Aqui, só temas novos, não há espaço para standards de outros compositores – embora nos shows ao vivo da época ainda aparecessem versões muito peculiares de My Favorite Things e Naima (de Giant Steps, de 1959). Esses dois álbuns citados, e em um grau ainda maior A Love Supreme (1964), transformaram John Coltrane em uma celebridade internacional e ele poderia passar muitos anos repetindo a formação de quarteto e lotando show dos dois lados do Atlântico Norte.

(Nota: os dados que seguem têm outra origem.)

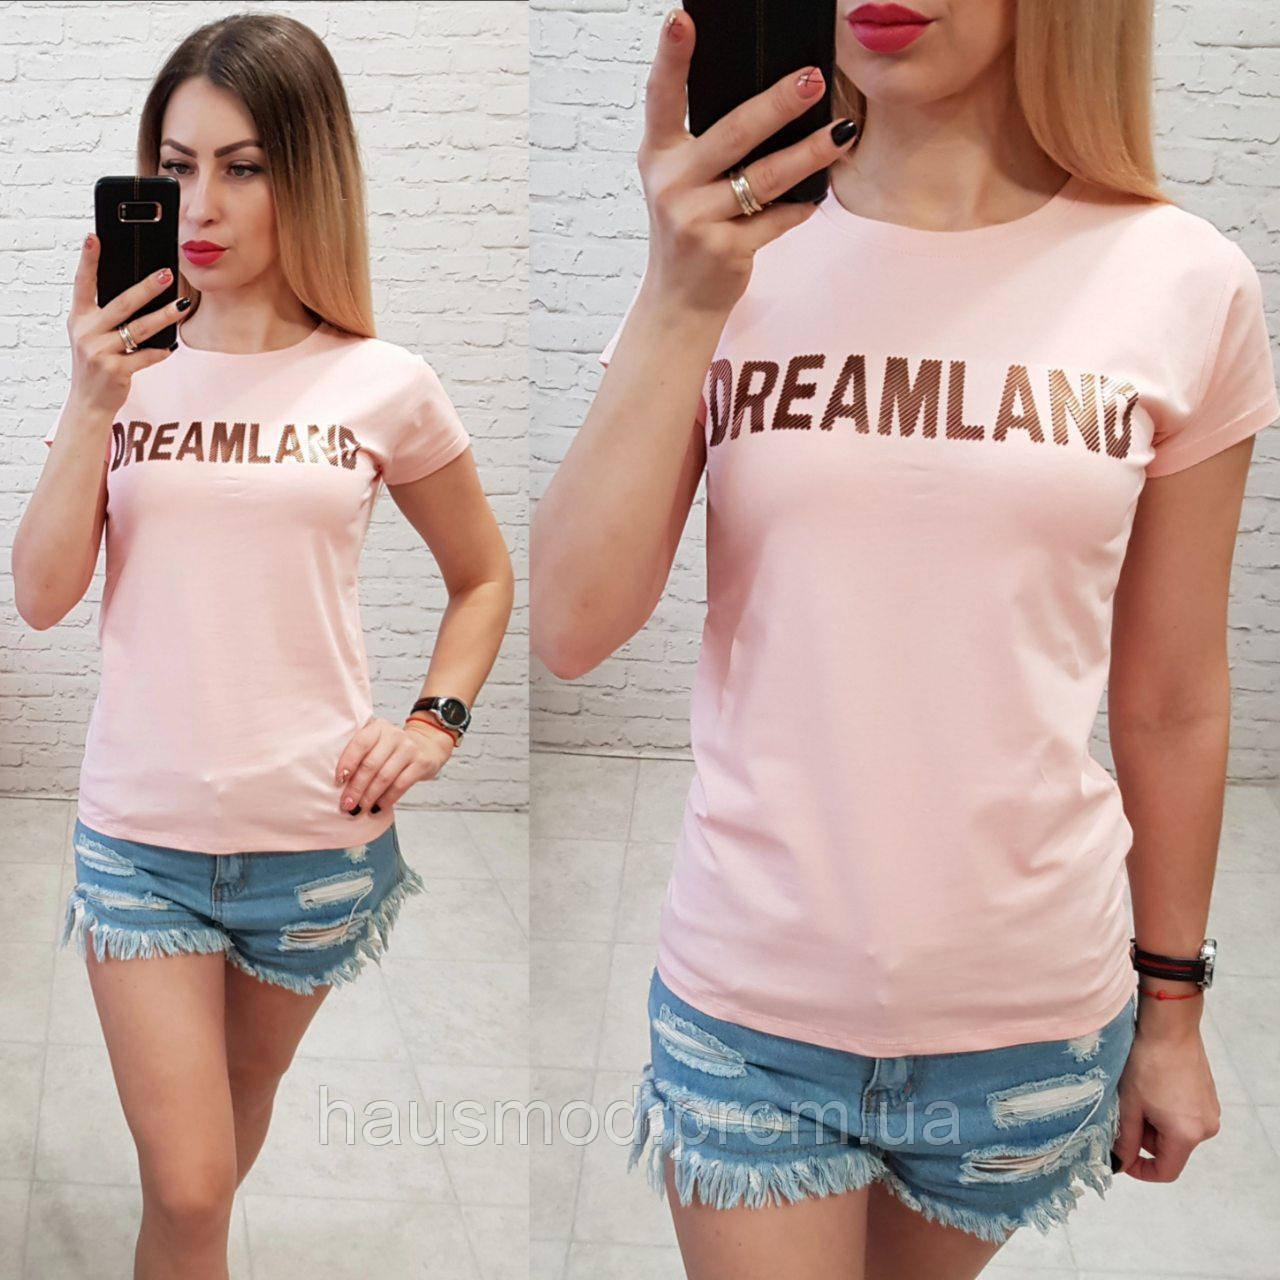 Футболка женская летняя надпись Dreamland качество турция цвет пудровый
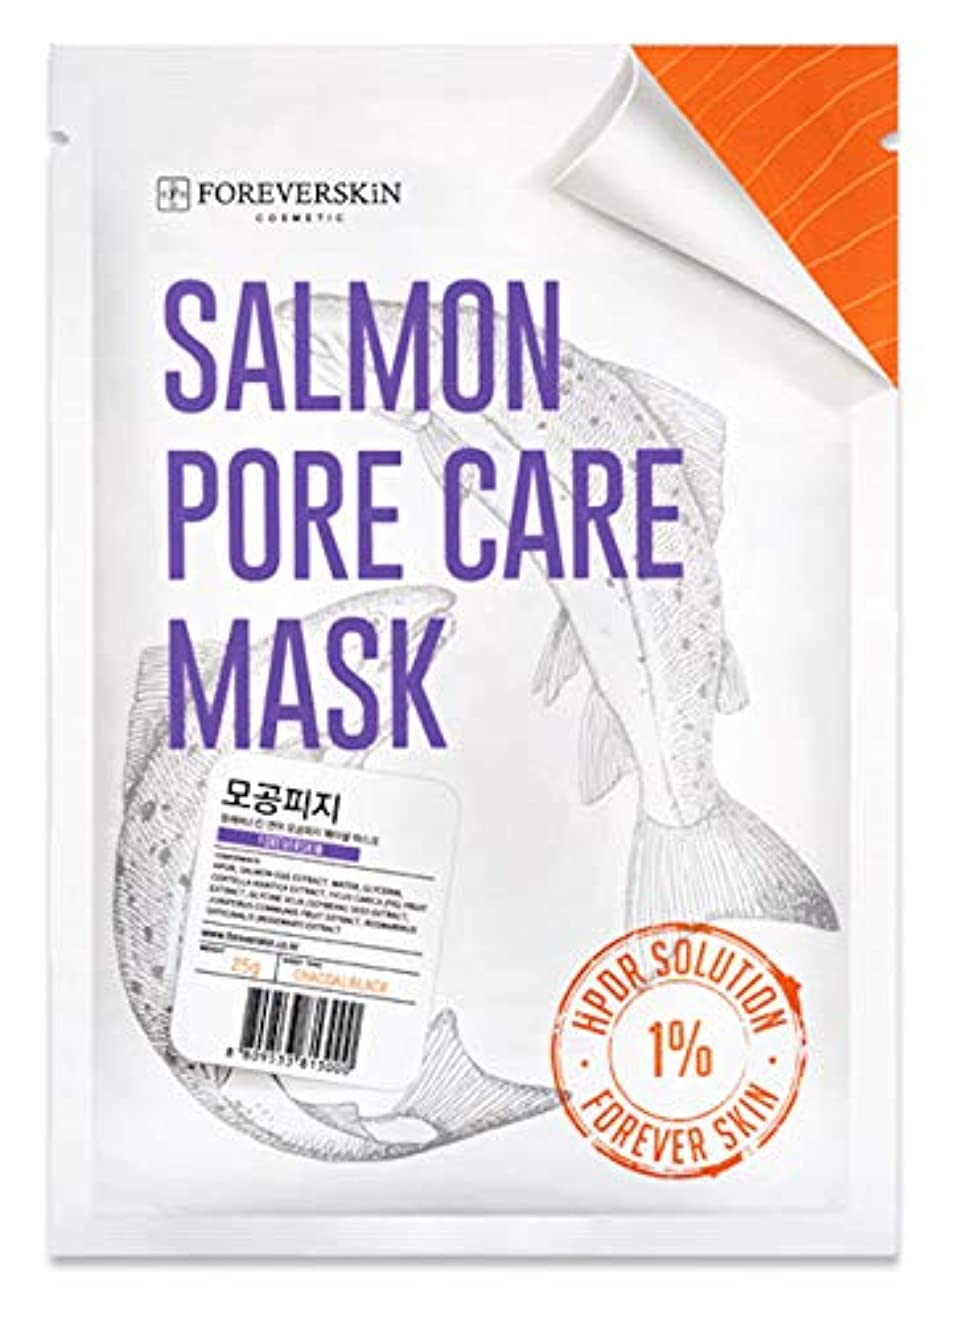 スポーツをするの慈悲で女将FOREVERSKIN サーモンマスクパック 韓国 シートマスク 高品質な 韓国コスメ 韓国パック リジュランの入った フェイスマスク フェイスパック (毛穴皮脂(10枚))

Mas se repetir certamente não era o objetivo de John Coltrane, ele queria sempre fazer algo novo e desde 1961 já havia inovado em outras formações, seja com mais músicos ou com menos e, nesse caso, uma forma de bagunçar o coreto era com só dois instrumentistas tocando: Saxofone e Bateria/Percussão. Sem baixo e piano, os improvisos podiam seguir ainda mais livres: é assim, sozinho com Elvin Jones, que ele toca já em 1961 em alguns trechos da faixa Chasin’ the Trane do disco “Live at the Village Vanguard”. No ano seguinte, o piano também se calava na metade final de Traneing In ao vivo na Suécia, lançada no disco póstumo “Bye Bye Blackbird”, além de alguns trechos de Crescent, disco de 1964… Mas um disco inteiro de saxofone e percussões, só em Interstellar Space.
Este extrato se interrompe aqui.